Every line from the one with "spider-man-far-from-home-avengers-endgame-clone-saga" up to and including the one with "ISP desce hoje" is to be output exactly as it appears below; pictures are not.

======== Records to process

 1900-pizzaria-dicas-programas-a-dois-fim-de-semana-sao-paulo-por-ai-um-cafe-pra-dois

================
======== Records to process

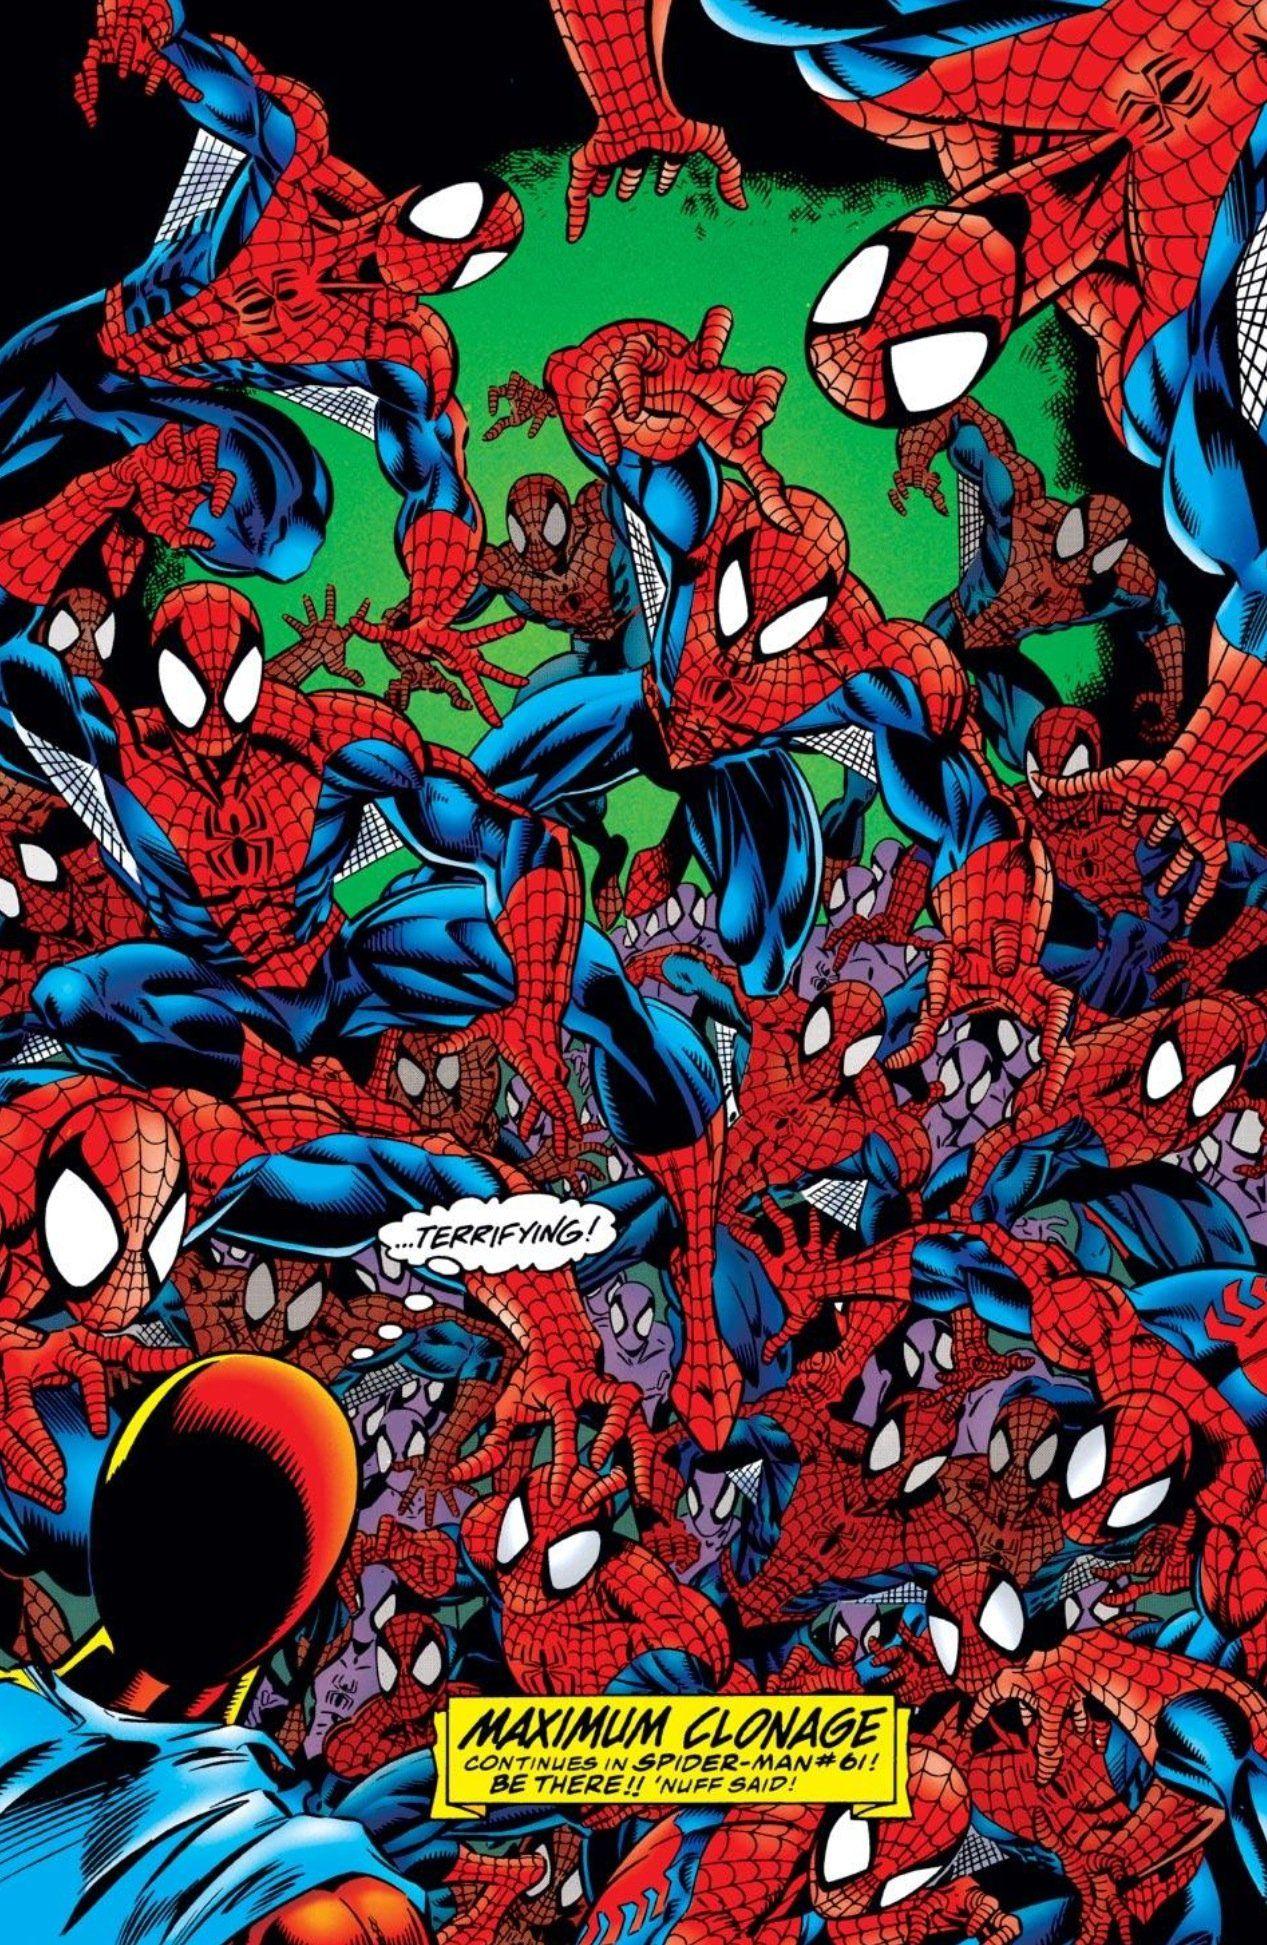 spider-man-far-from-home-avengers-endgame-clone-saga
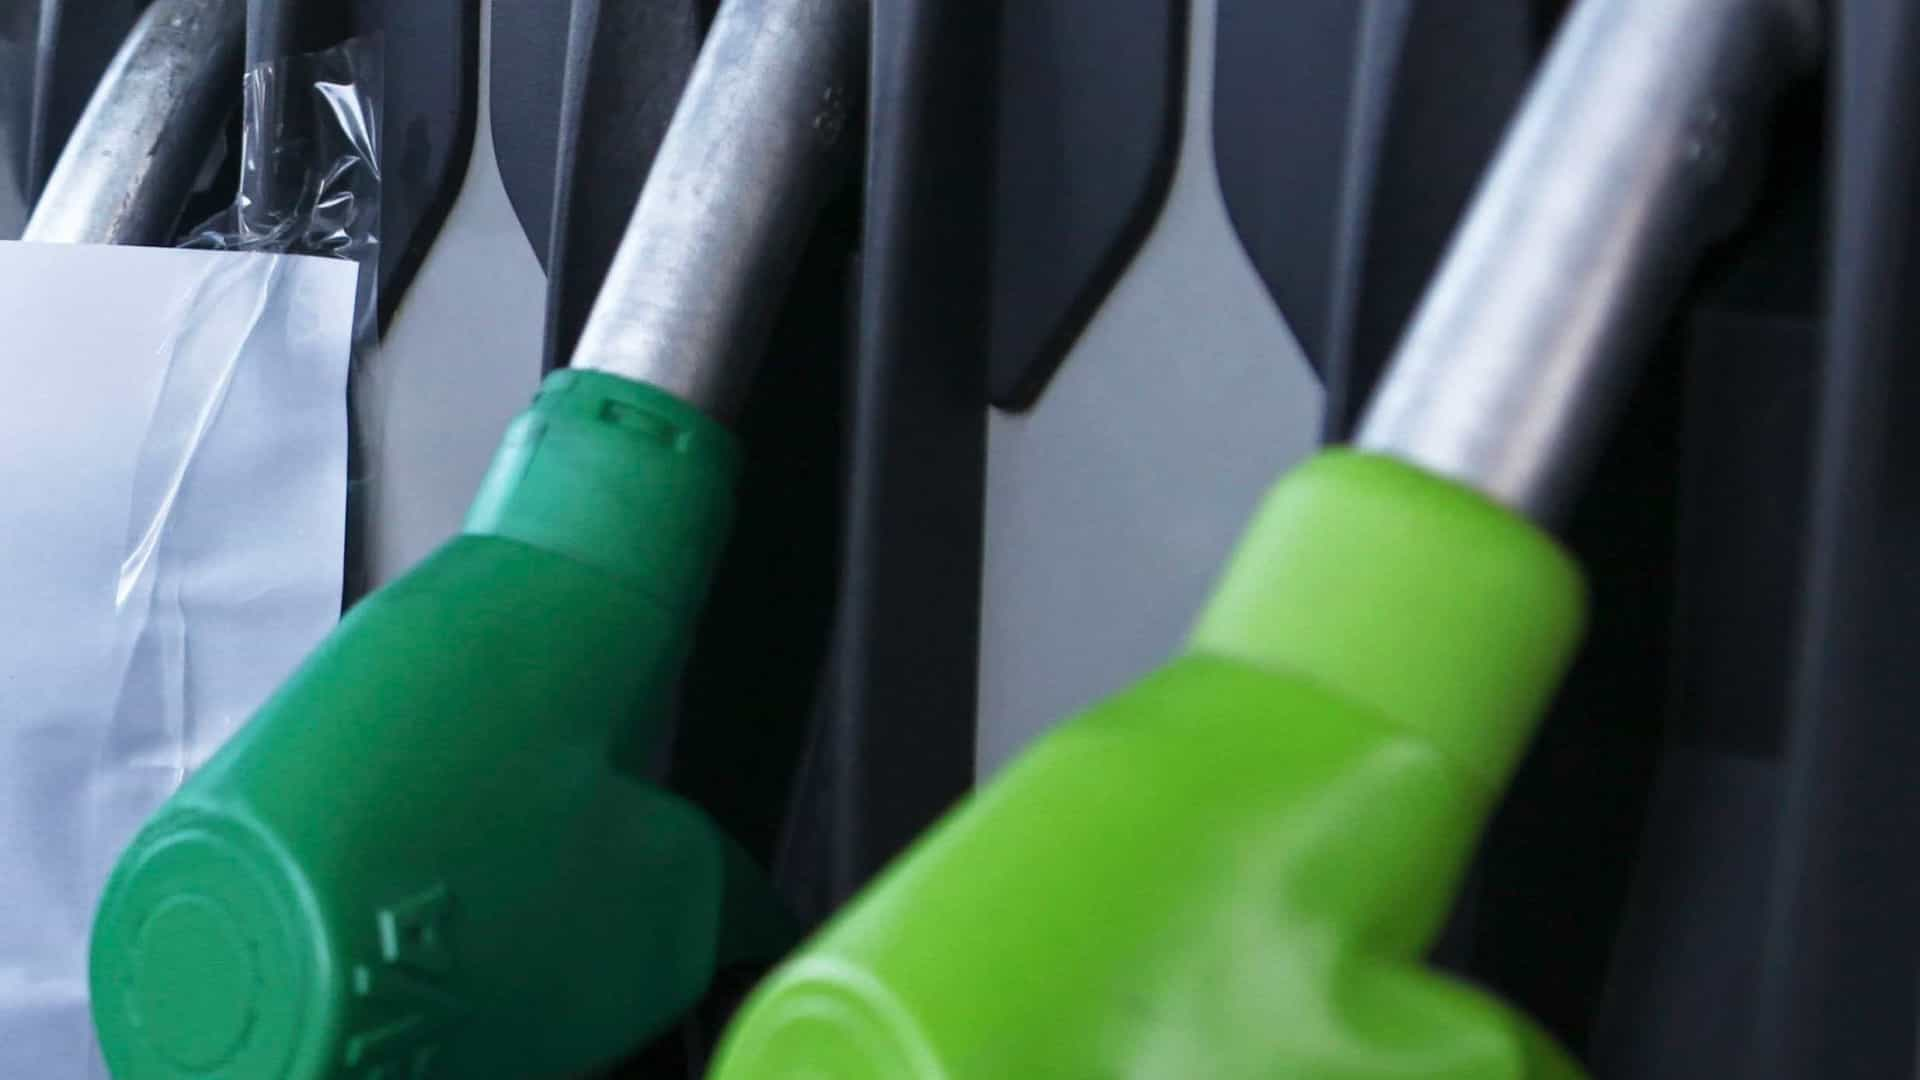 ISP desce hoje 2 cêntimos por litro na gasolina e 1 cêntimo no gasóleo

================

◆ Response area:
 spider-man-far-from-home-avengers-endgame-clone-saga
 ISP desce hoje 2 cêntimos por litro na gasolina e 1 cêntimo no gasóleo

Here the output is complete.